A model is a concept of reality or a depiction of a real condition. In other terms, a model presents a rationalized version of something. It may be as simple as a drawing of house plans, or as complex as a miniature. Mathematical modeling is applied to perform the experimental phenomenon into a mathematical description.
This book presents state of the art reviews and original results obtained in different fields of modern science with the use of mathematical simulation methods. In recent years, there has been great growth in the use of networks (systems), such as communication networks and computer networks, in human life. The networks are a set of nodes that are connected by a set of links to exchange data through the links, where some particular nodes in the network are called terminals. In this book, we investigate the reliability and stochastic properties of an n-component network under the assumption that the components of the network fail according to a counting process called a geometric counting process (GCP). Prey–predator dynamic is an essential tool in mathematical ecology, specifically for our understanding of interacting populations in the natural environment. This relationship will continue to be one of the dominant themes in both ecology and mathematical ecology due to its universal existence and importance. These problems may appear to be mathematically simple at first sight.
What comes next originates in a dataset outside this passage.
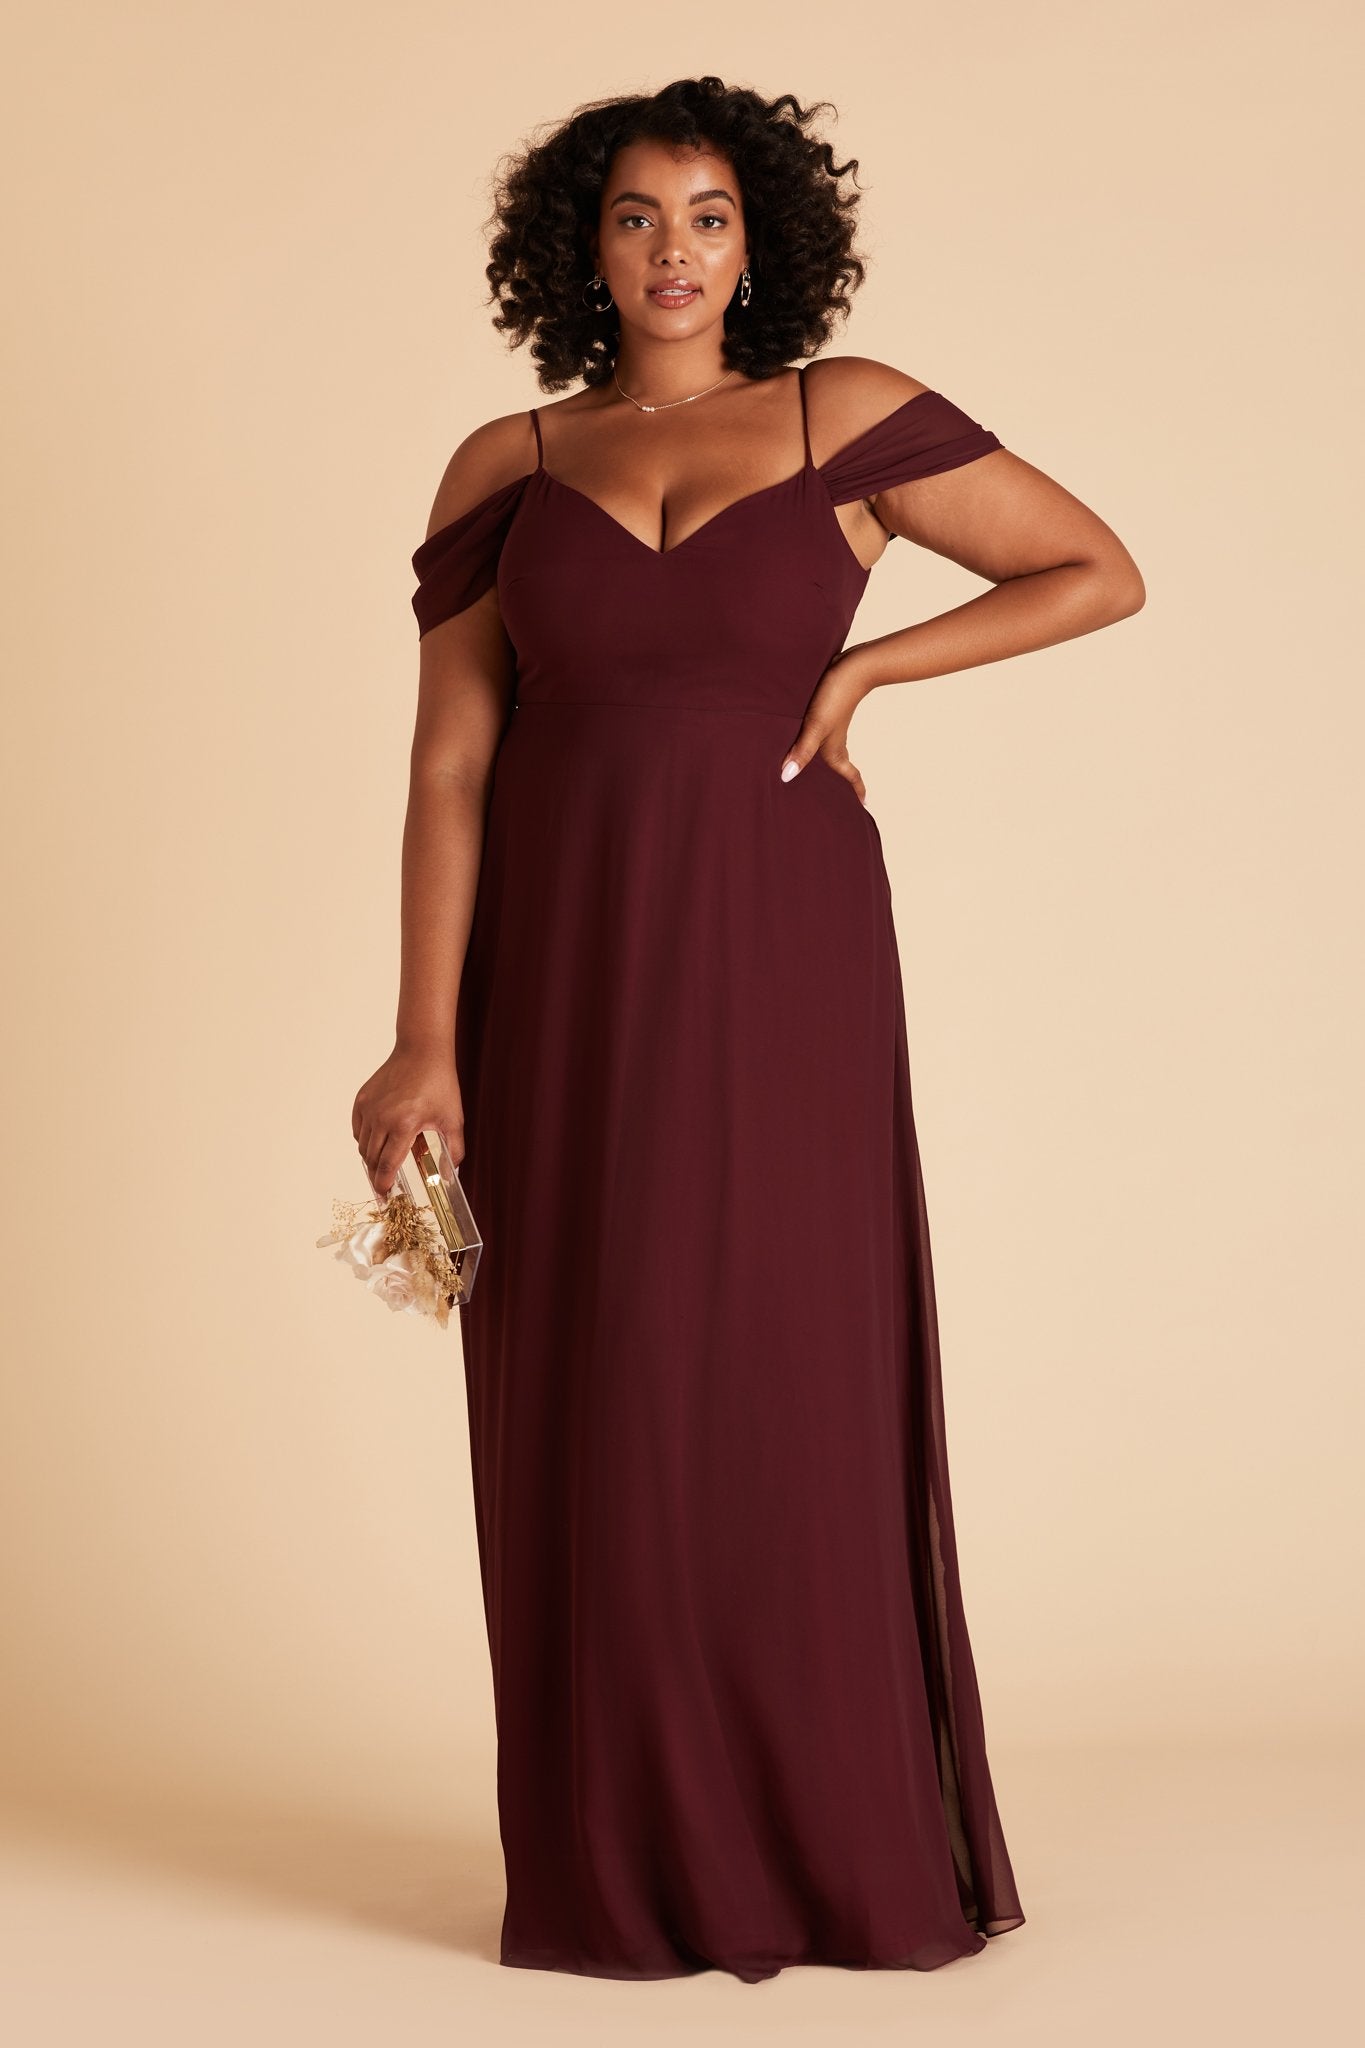 Devin convertible plus size bridesmaid dress in cabernet burgundy chiffon by Birdy Grey, front view

Moreover, although much progress has been made to the prey-predator theory in the last 40 years, many long-standing mathematical and ecological problems remain open, such as modeling transient dynamics, environmental variability, complex ecological networks, and biodiversity extrapolation techniques. In many situations, a decision-maker needs to make a decision but does not know which decision is the best one. For example, an investor may not know the future performance of companies in the stock market and is uncertain about which stock is the best. A patient does not have knowledge about the most cost-effective treatment for health concern. Facing a lack of information, the decision-maker often looks for advice from investment consultants or doctors, who are experts and are better informed. A mathematical model involving a decision-maker and an expert is investigated. Through analyzing the model, we obtain several results on the expert’s information acquisition and disclosure strategy. When withholding information is costly to the expert, in equilibrium, an expert with a higher withholding cost acquires less information but discloses more acquired information. We also examine which expert is optimal to the decision-maker among a group of experts with different costs of withholding information. In this book, we also propose a new method to calculate water flow and xylem water potential distribution in hydraulic architectures (such as root systems) of any complexity. It is based on the extension of the water flow equation analytical resolution of Landsberg and Fowkes for single roots. It consists in splitting the root systems into zones of homogeneous or homogeneously changing properties and deriving the xylem potential and water flow under any given boundary conditions (plant transpiration or collar potential, and potential at soil-root interfaces) without assuming a uniform xylem potential within each zone. The book succeeds with the review of non-Newtonian mathematical models for rheological characteristics of viscoelastic composites; Saint-Venant equations and friction law for modeling self-channeling granular flows; and edge irregular reflexive labeling for the disjoint union of generalized Petersen graph.
It is hoped that this book will serve to students, practitioners, scientists, and engineers as well as for those who are involved in the associated area.